Given data ->

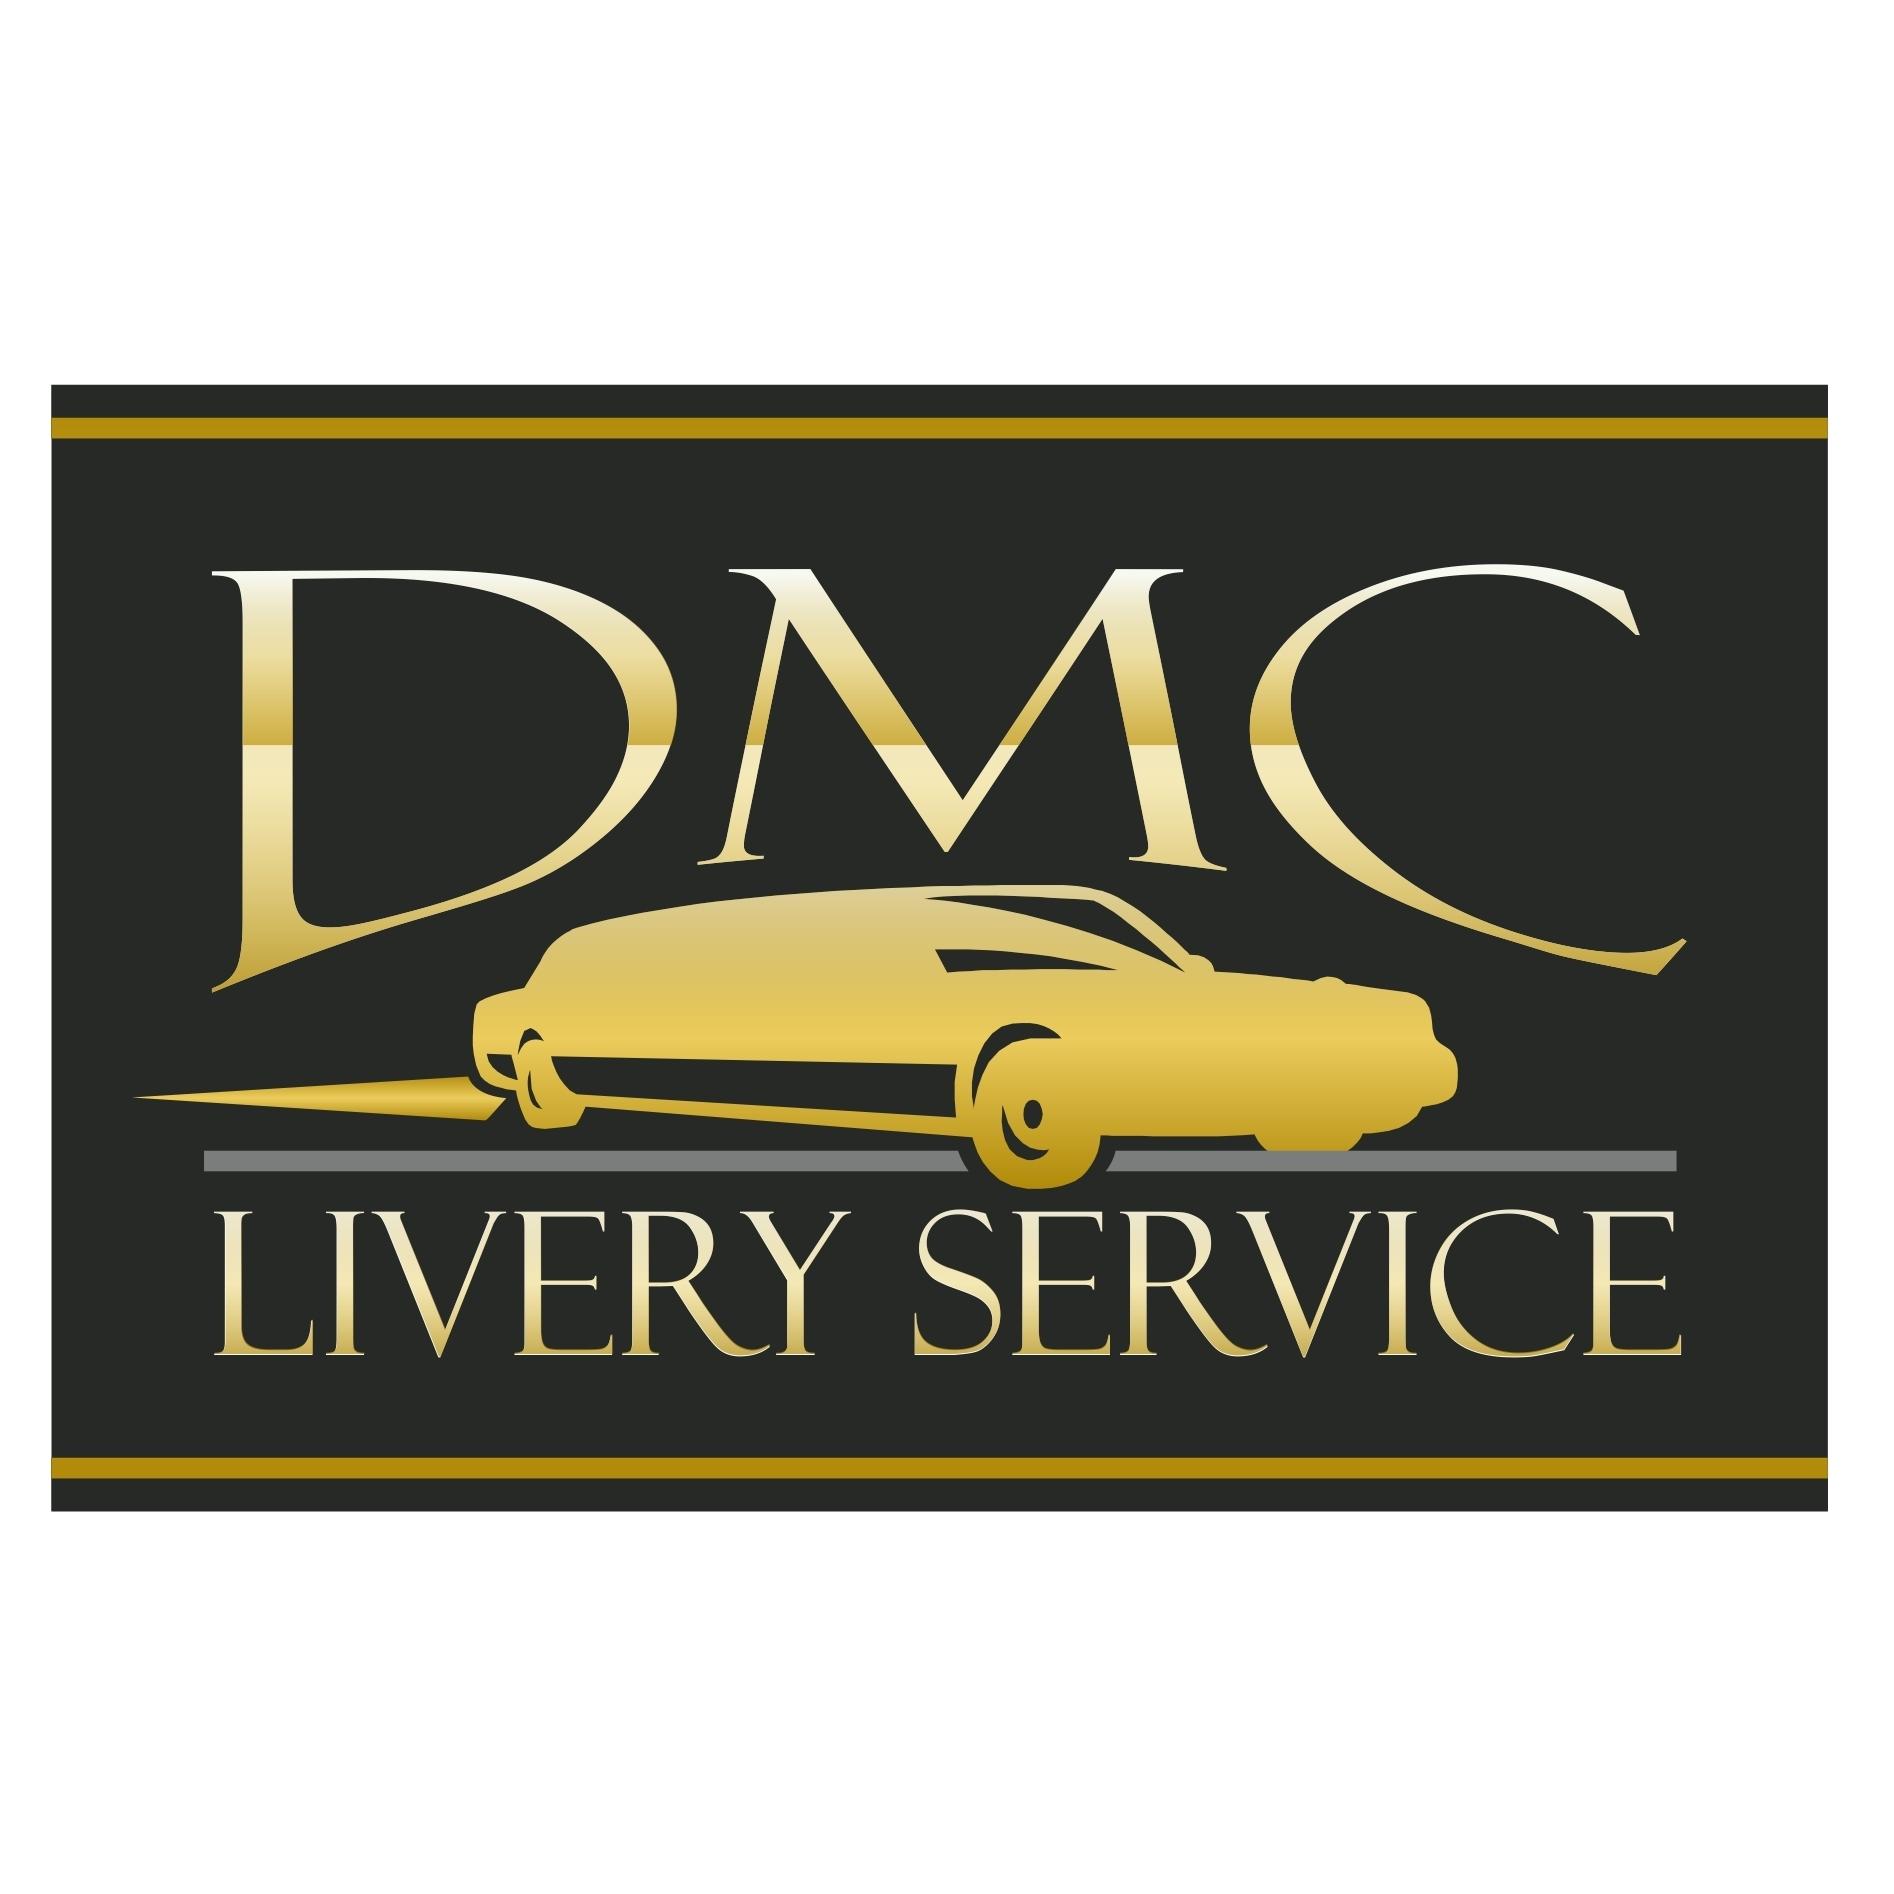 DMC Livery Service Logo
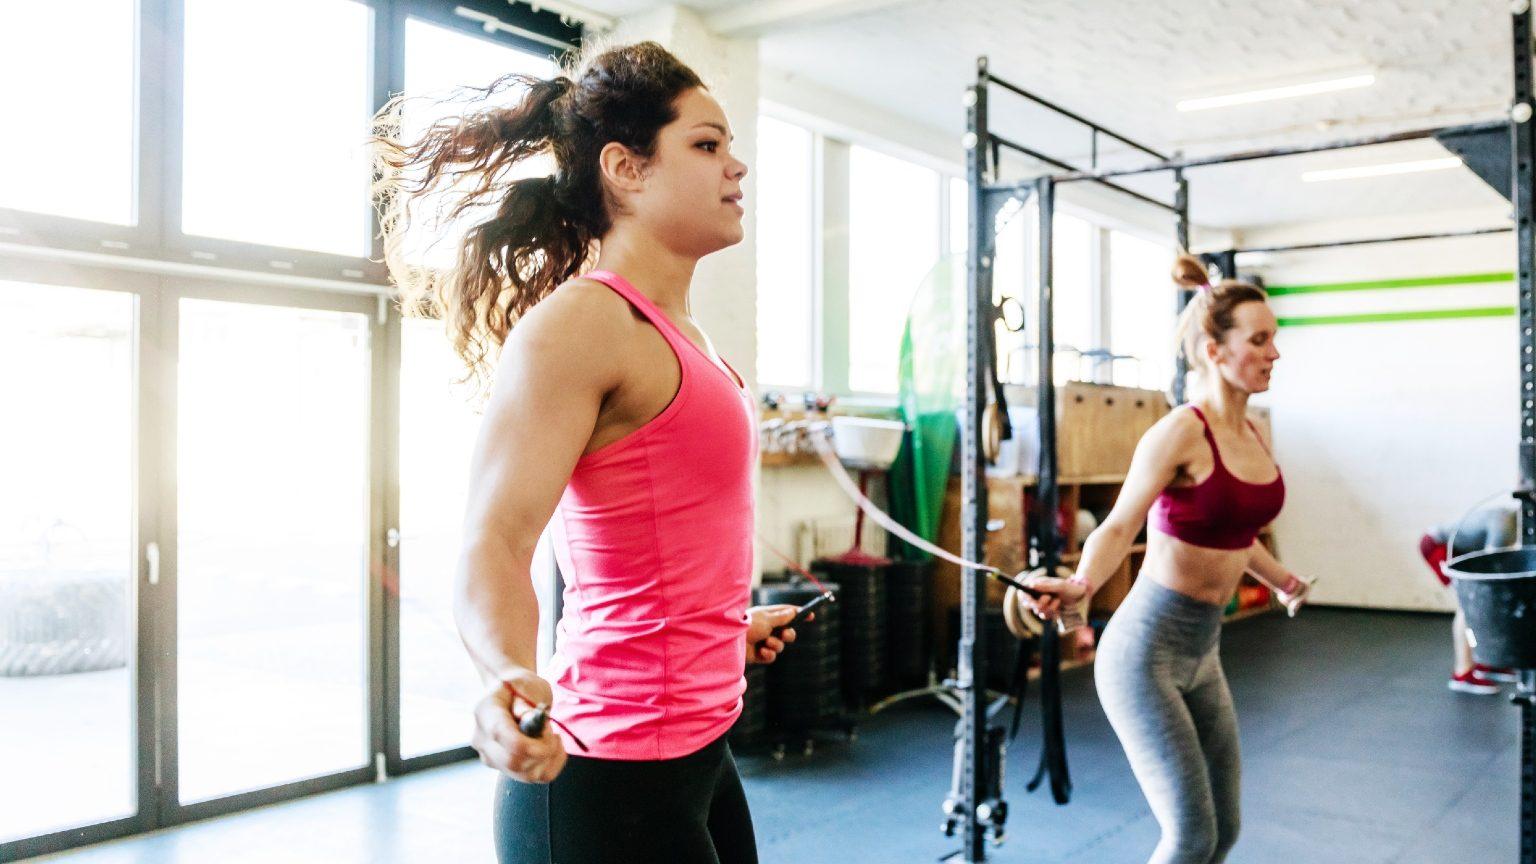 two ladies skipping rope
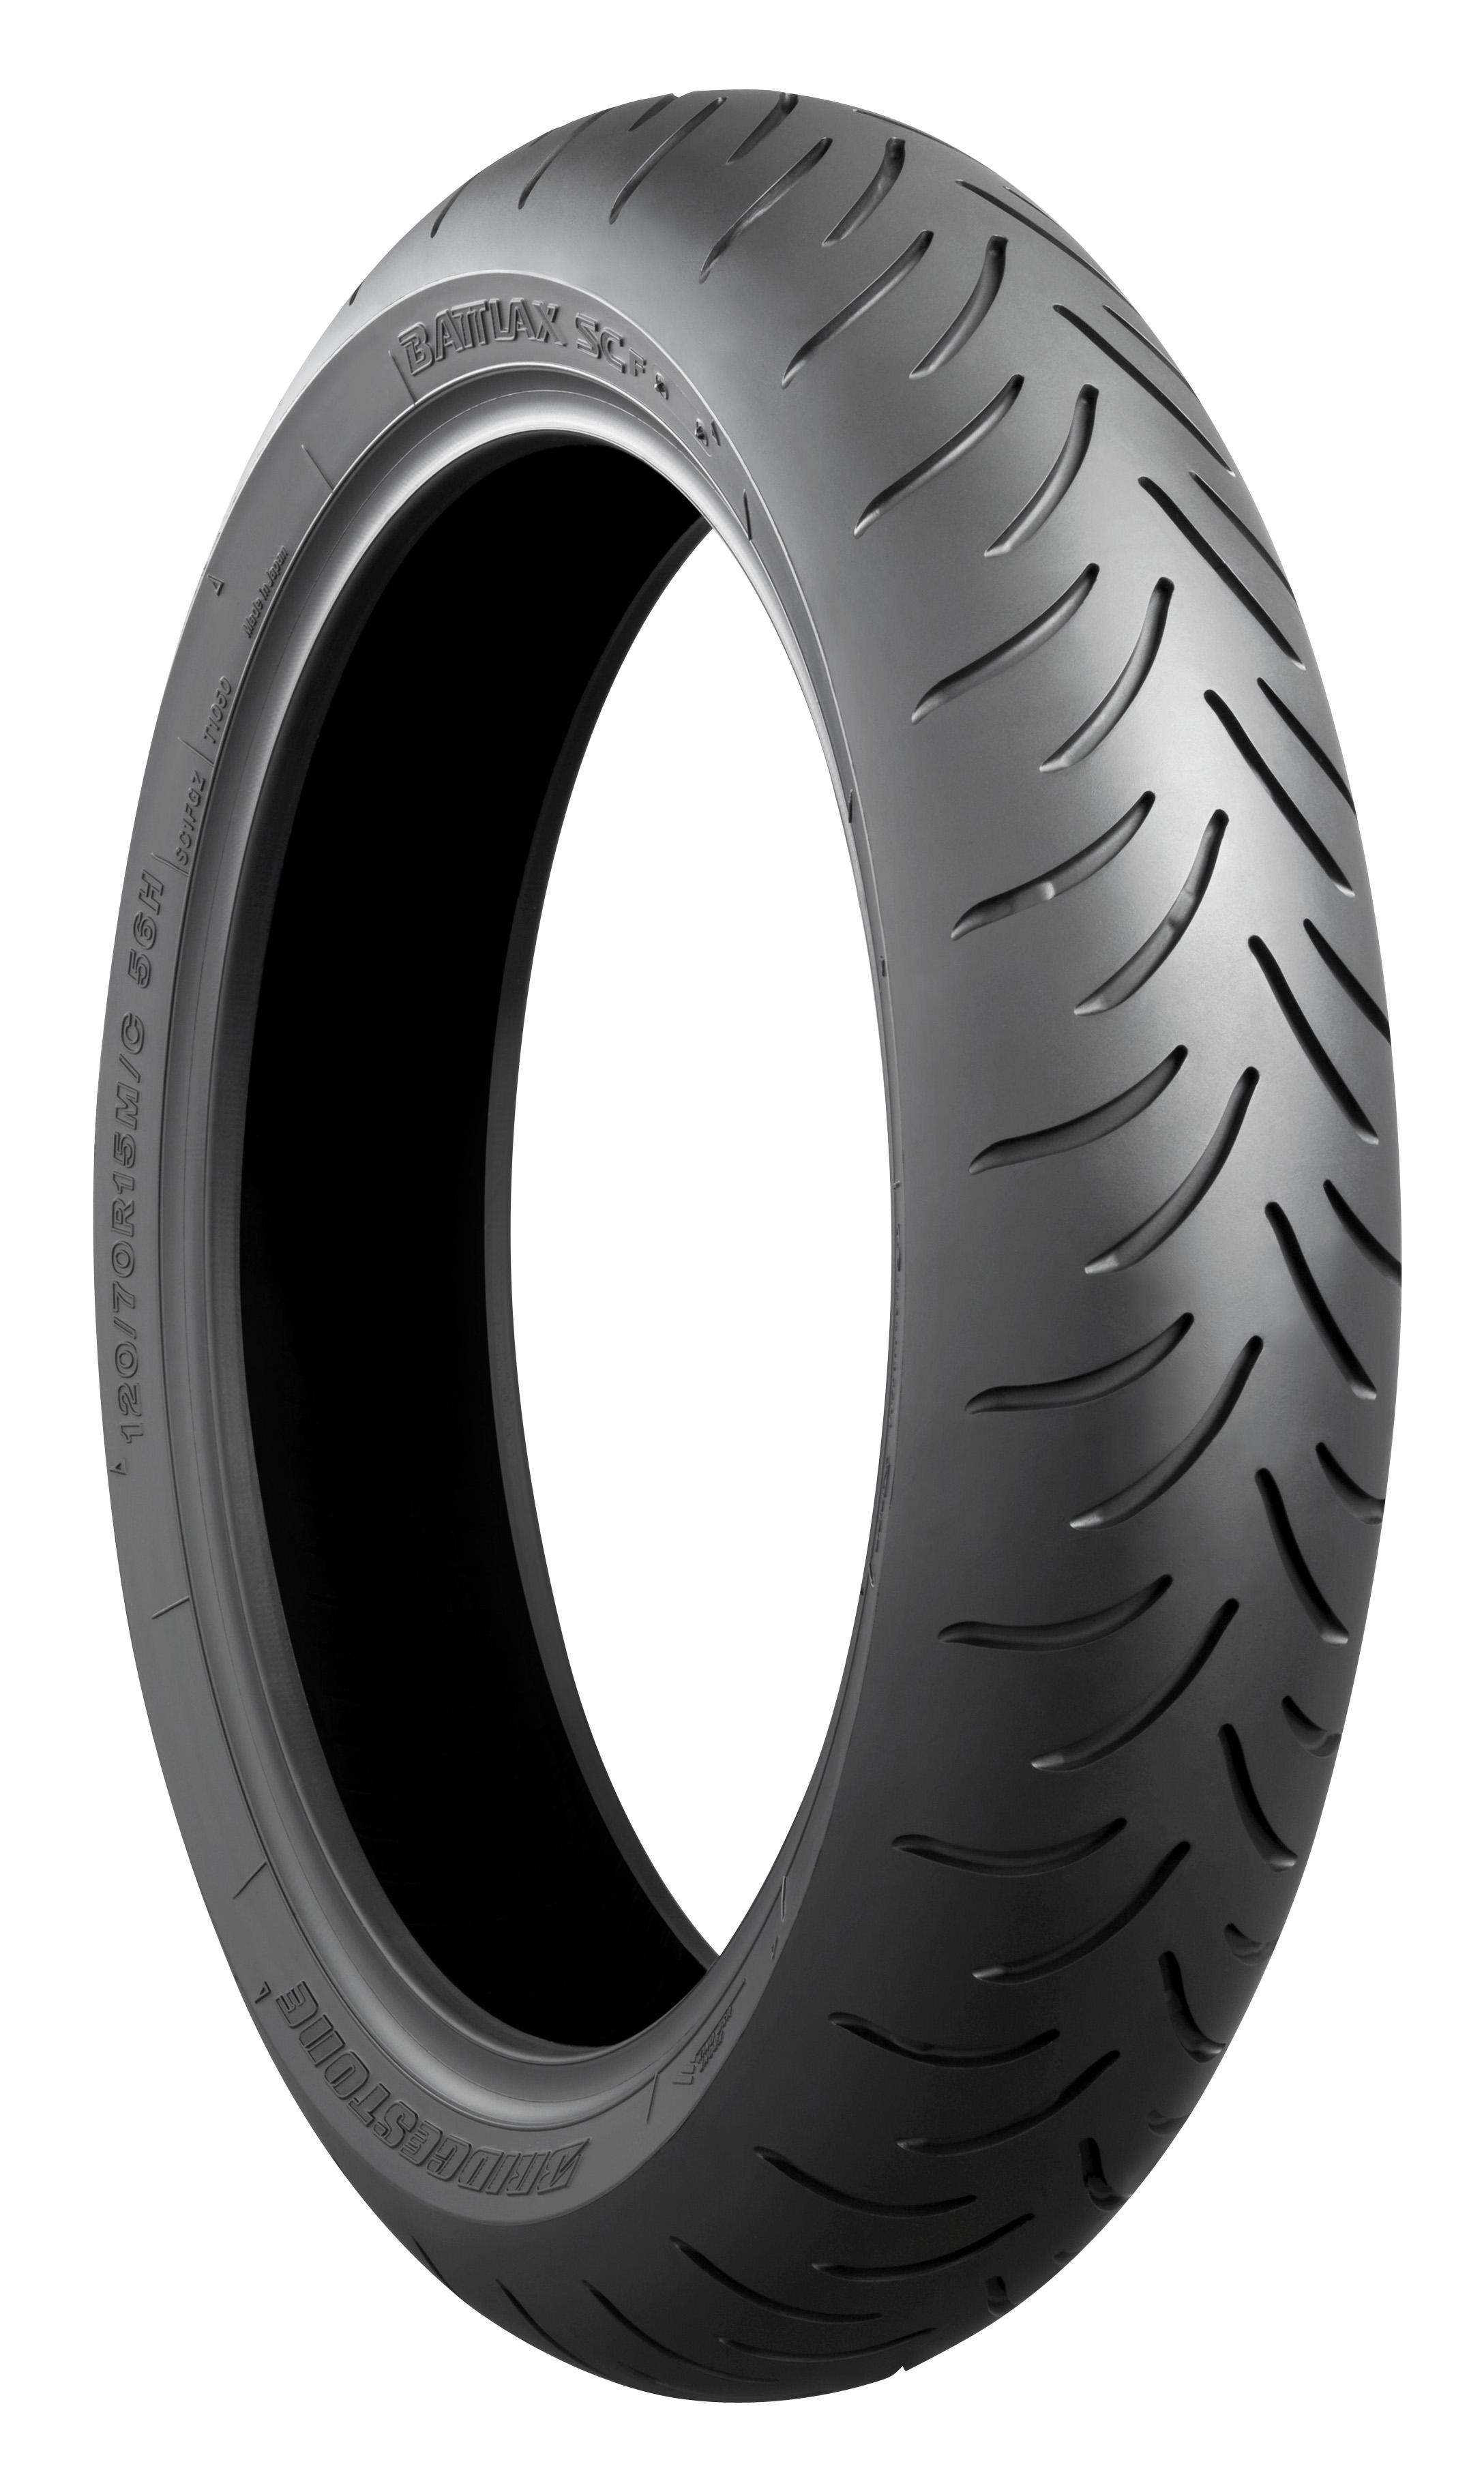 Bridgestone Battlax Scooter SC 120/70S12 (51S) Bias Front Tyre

Directions for this task -> The needed output is the lines from the one with "two ladies skipping rope" through the end of the listing, written out exactly, both ends included, pictures excluded.

Response to the exercise ->
 two ladies skipping rope
 Bridgestone Battlax Scooter SC 120/70S12 (51S) Bias Front Tyre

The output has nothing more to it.